The Board of Directors of Allakos has unanimously approved the transaction, deeming it in the best interests of Allakos shareholders. A tender offer is set to commence by April 15, 2025, to acquire all outstanding Allakos common stock, with the merger expected to finalize in May 2025. The offer price falls within the current analyst target range of $0.30 to $0.40 per share. InvestingPro data reveals that while the company maintains a strong current ratio of 4.81, it has been rapidly burning through its cash reserves.
Allakos shareholders holding approximately 8.07% of the common stock have committed to tendering their shares and supporting the merger through signed support agreements. The completion of the tender offer is contingent upon several conditions, including a majority of the outstanding shares being tendered, the availability of at least $35.5 million in cash at closing (net of costs and liabilities), and other customary closing conditions.
Wilson Sonsini Goodrich & Rosati and Gibson, Dunn & Crutcher LLP are serving as legal counsel to Allakos and Concentra, respectively.
The proposed merger is subject to risks and uncertainties, including the possibility that closing conditions may not be met and that competing offers could emerge. Allakos cautions investors not to place undue reliance on forward-looking statements related to the merger’s anticipated benefits and timing. For comprehensive analysis of Allakos’s financial health and 16 additional key ProTips, investors can access the detailed research report available on InvestingPro.
This news is based on a press release statement from Allakos Inc.
In other recent news, Allakos Inc. announced it will cease the development of its AK006 drug following disappointing results from a phase 1 clinical trial for chronic spontaneous urticaria (CSU).
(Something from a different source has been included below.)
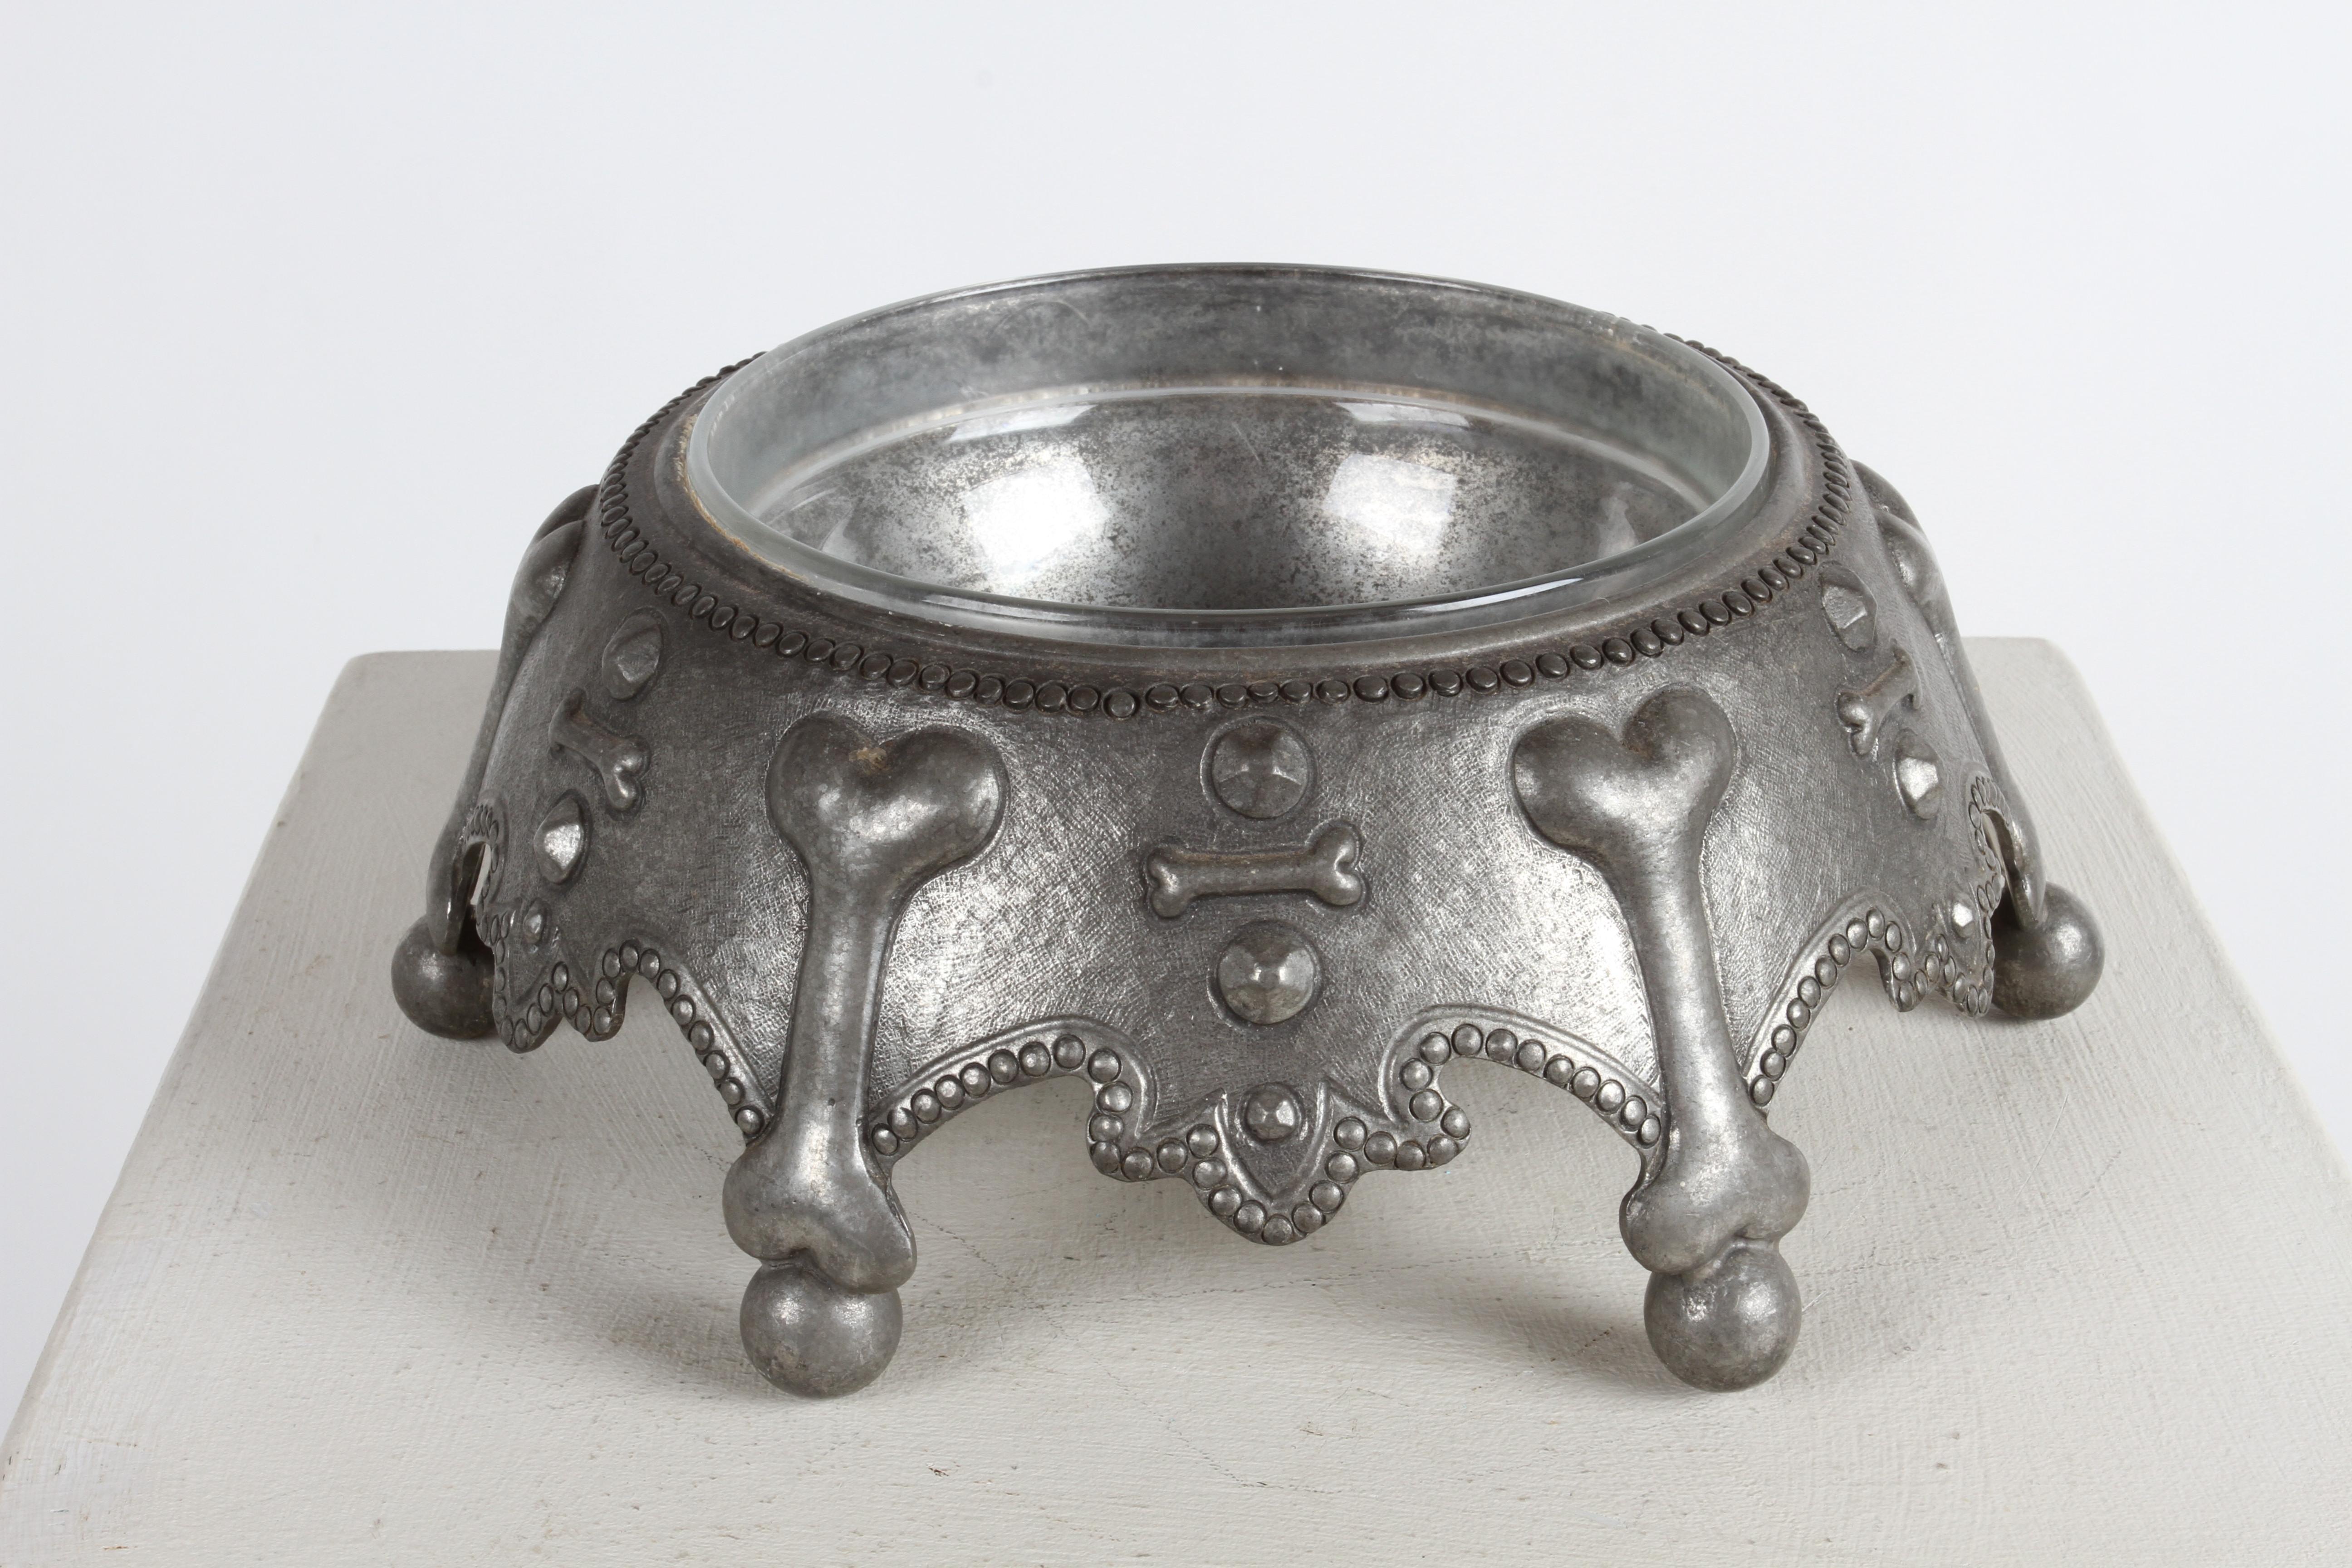 Large Piero Figura for Atena dog bowl, this signed pewter with glass lined upside down crown, having a dog bone motif rests on ball feet. Wonderful warm patina to the pewter, wash it periodically with water and neutral soap and then wipe it with a

The trial showed that AK006 did not provide the expected therapeutic benefits, leading to a decision to discontinue its development and reduce the workforce by approximately 75%. The company is now exploring strategic alternatives and plans to focus on managing its resources carefully. Financially, Allakos ended the fourth quarter of 2024 with around $81 million in cash and expects restructuring costs between $34 million and $38 million, which will impact its cash reserves. Jefferies has reacted to these developments by lowering its price target for Allakos shares to $0.40, although it maintained a "Hold" rating. The firm cited the lack of clinical evidence supporting the drug’s efficacy as a factor in its reassessment. Additionally, Allakos faces potential Nasdaq delisting due to its stock trading below the required $1.00 minimum bid price for 30 consecutive days. The company has been granted a 180-day period to regain compliance with Nasdaq’s listing standards.